Biographers do not have the luxury of fabricating a character out of whole cloth, so they read as thoroughly as possible in their subjects’ ego-documents (e.g., diaries, memoirs, correspondence), paying extensive attention as well to contemporary accounts of their subject. Just as novels in our own era are increasingly likely to have unreliable narrators, so is it possible to write fragmentary biographies, where caesurae are openly displayed rather than cleverly concealed.


Social history, which for the past sixty years has been the bread and butter of academic historiography, is effective at illuminating the life of the forgotten, but less so in examining those who have not been forgotten but rather lionized and mythologized – petrified into marble, so to speak. The world-historical individual needs to be not only humanized, as Ron Chernow did so brilliantly with Alexander Hamilton, and not merely contextualized, as any good, traditional, “life and times” biography will do. An academic historian can bring to the art of biography the skill of deconstruction. By “deconstruction” I do not mean only the unraveling of myth and exposure of foibles. Rather, deconstruction entails challenging the very core of traditional biography: the stable, coherent self.

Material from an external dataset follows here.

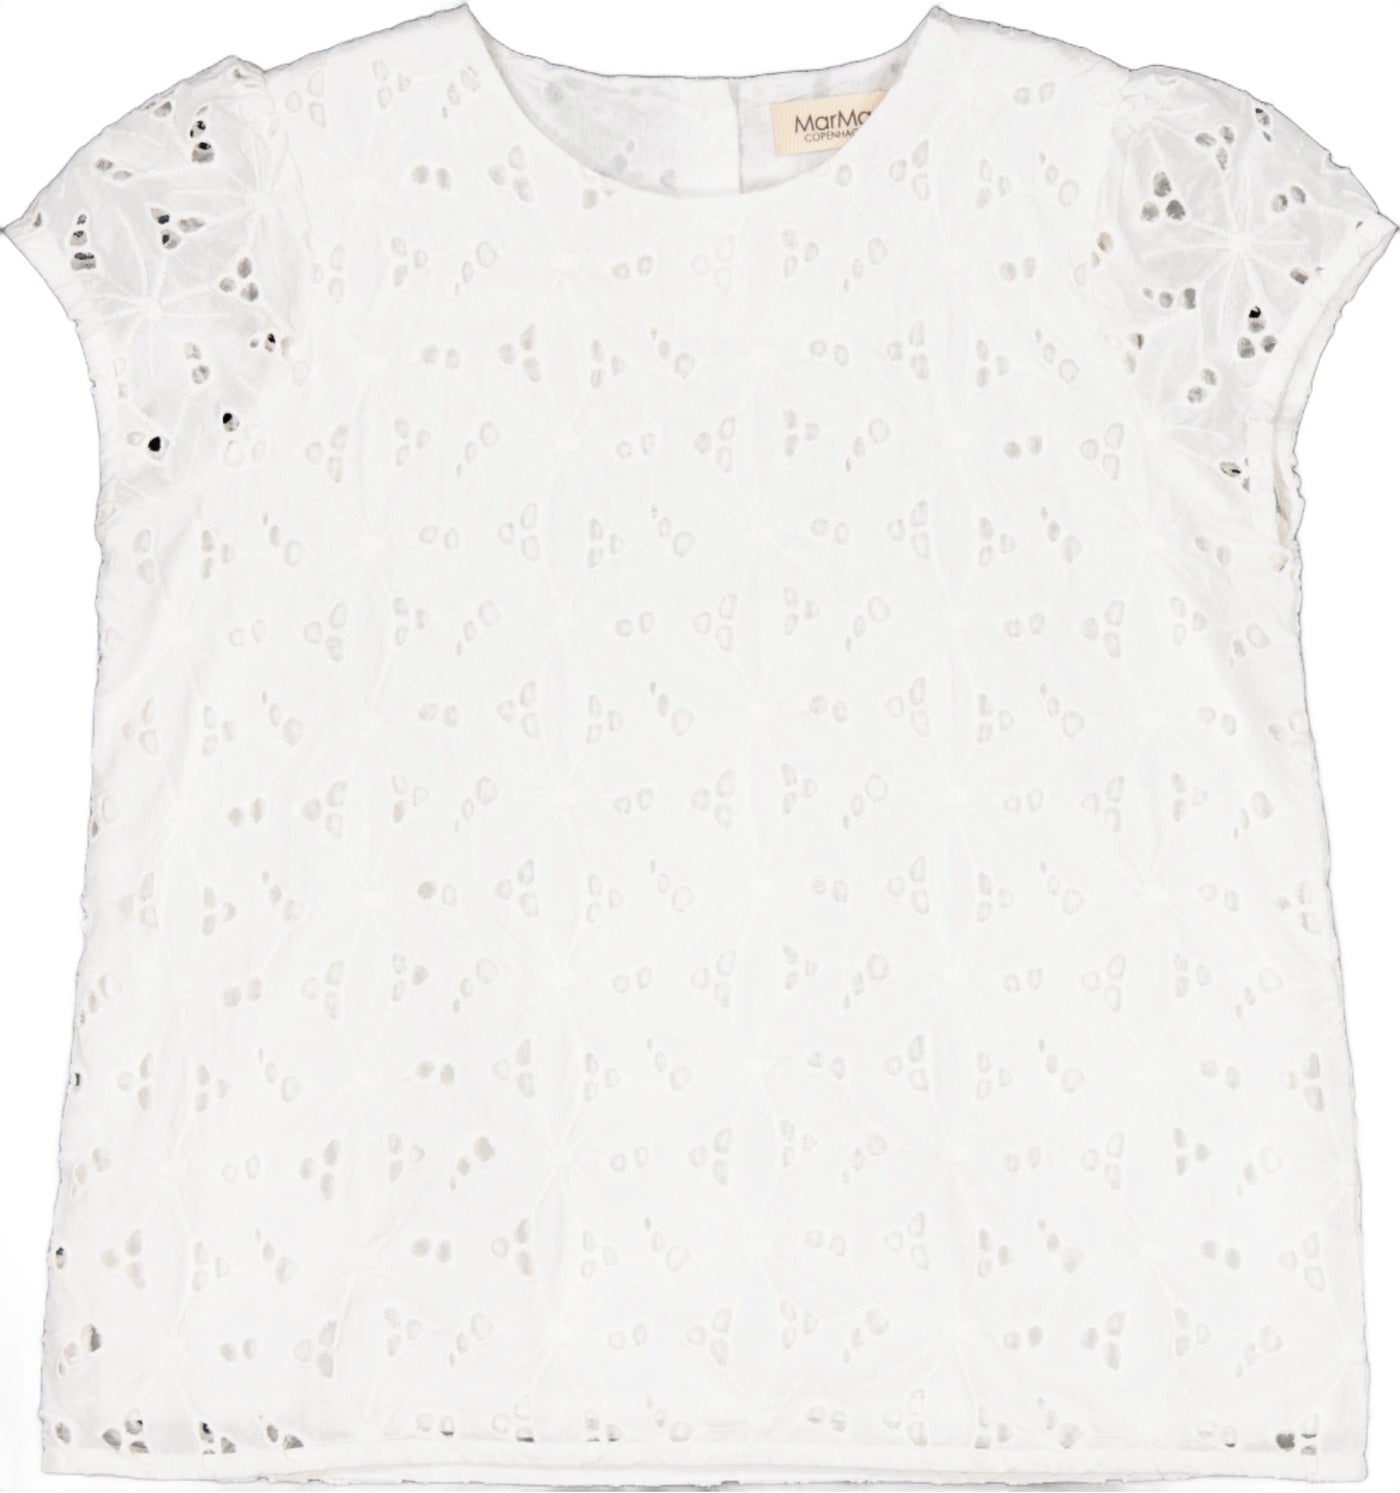 Tussa Broderie Anglaise Top

Harris’ Vivekananda and my Herzl existed as discrete beings in time and space, and certain drives and characteristics accompanied them throughout their lives, but they were also shifting, multi-faceted, and fluid beings – even though Herzl attempted to present himself as rock solid.

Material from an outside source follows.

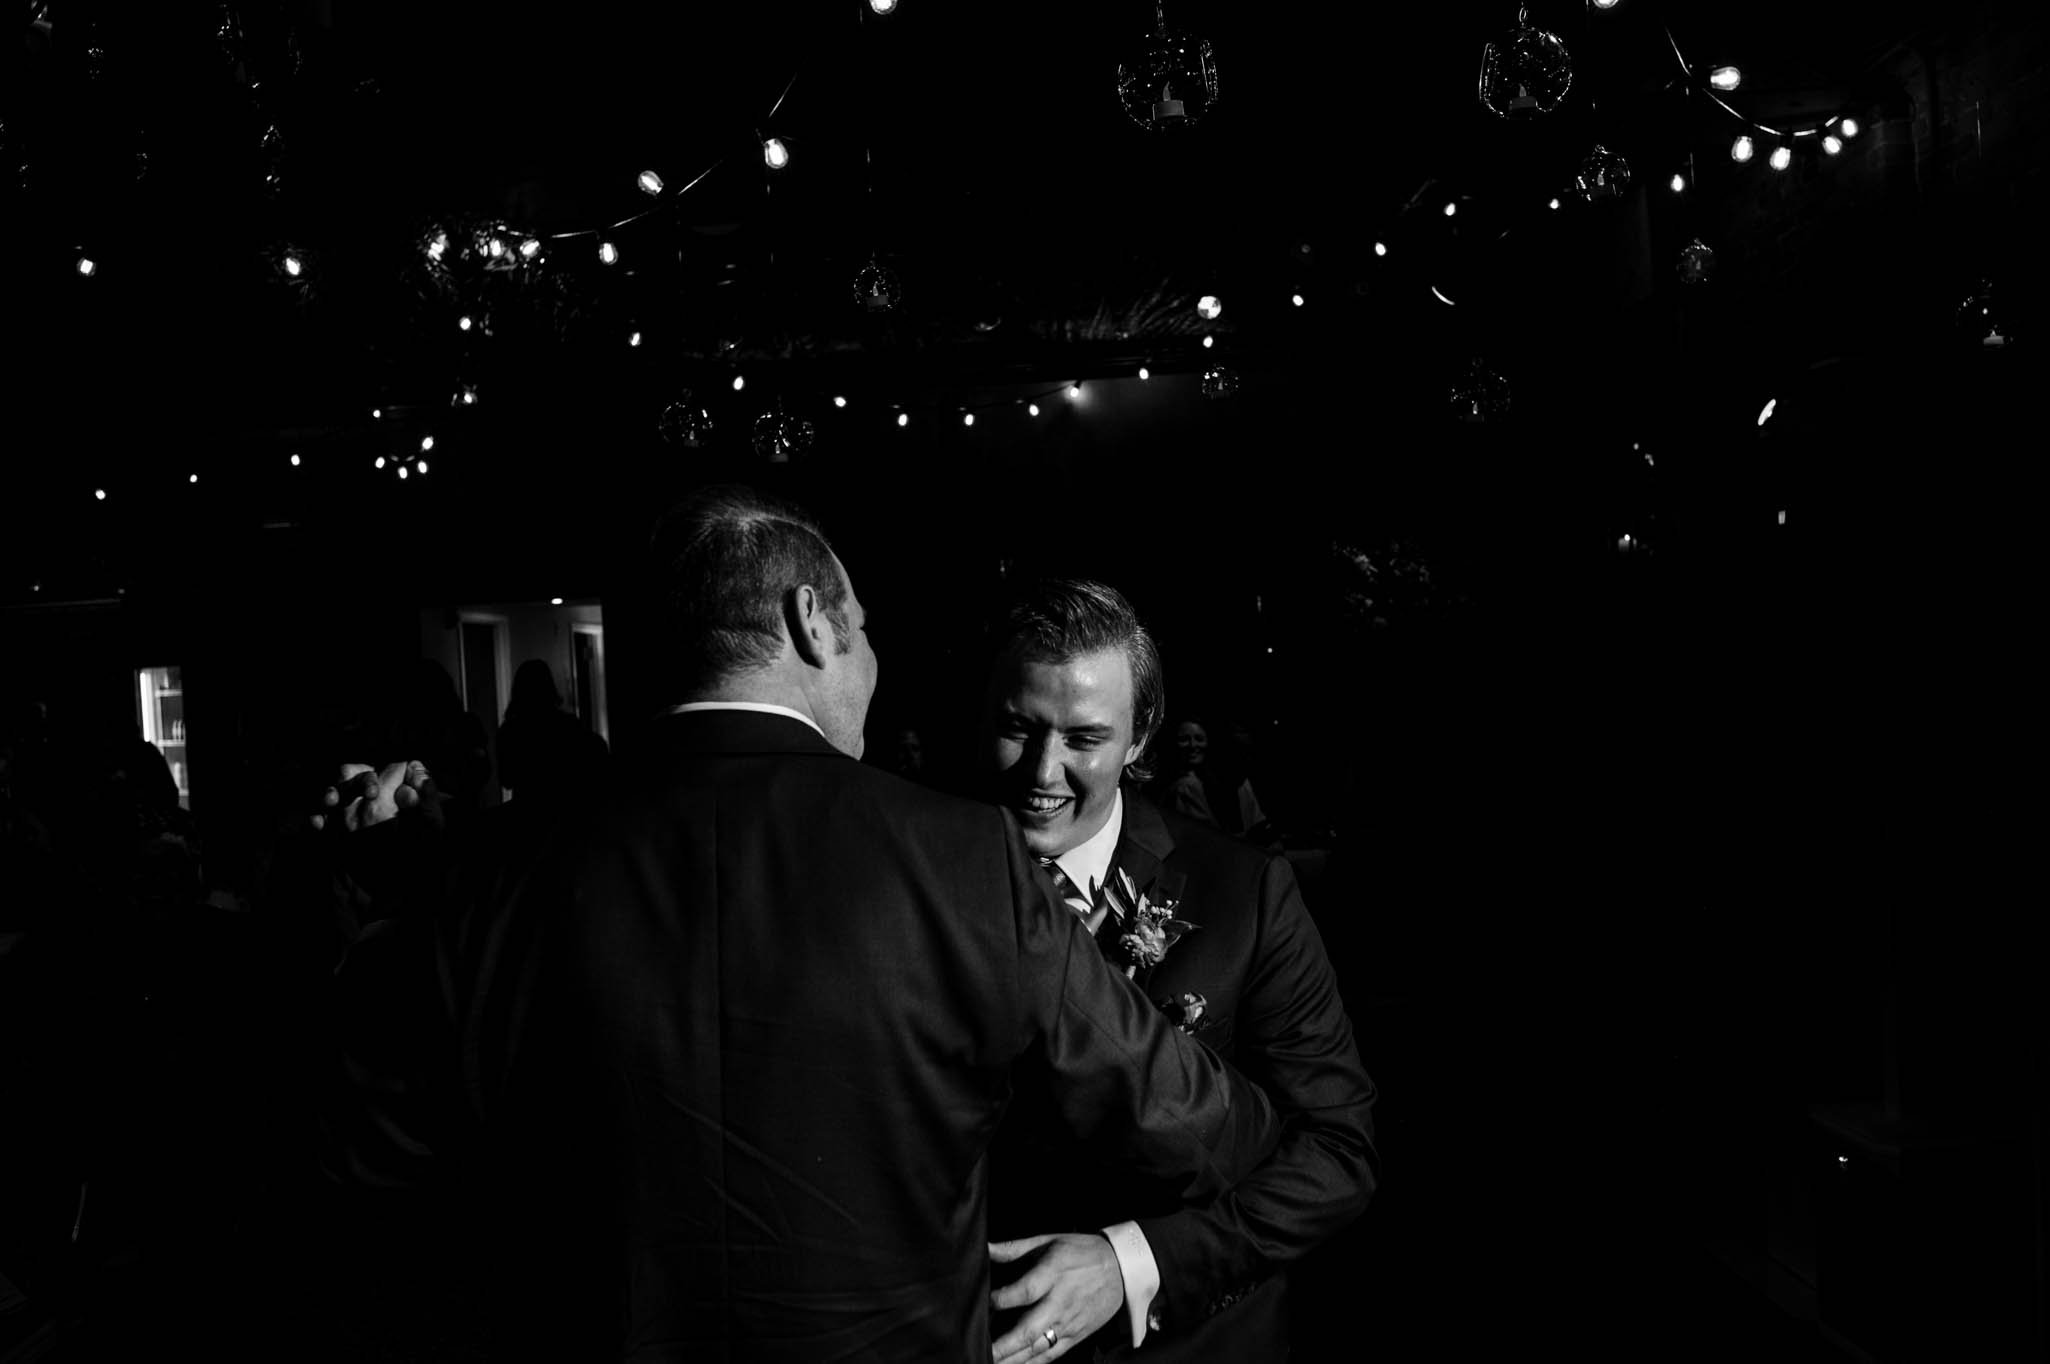 two grooms share their first dance at their wedding

Individuals are like quantum particles – observable but not fully knowable and displaying counter-intuitive traits akin to the quantum object’s possession of the characteristics of both particles and waves. Academic historians prefer the equivalent of classical physics’ focus on larger, aggregate units whose movements are easier to track. Individuals are mercurial, and it is the contingency of their being that gives readers faith in their own agency and pride in what their fellow particles have wrought in the world.

 

Derek Penslar is the William Lee Frost Professor of Jewish History. He is the director of undergraduate studies within the department and directs Harvard’s Center for Jewish Studies. Penslar is a resident faculty member at the Minda de Gunzburg Center for European Studies (CES) and is also affiliated with Harvard’s Center for Middle Eastern Studies. His books have engaged with a variety of approaches and methods, including the history of science and technology (Zionism and Technocracy: The Engineering of the Jewish Settlement in Palestine 1870-1918, 1991), economic history (Shylock’s Children: Economics and Jewish Identity in Modern Europe, 2001), military history (Jews and the Military: A History, 2013), biography (Theodor Herzl: The Charismatic Leader, 2020), and the history of emotions (Zionism: An Emotional State, 2023).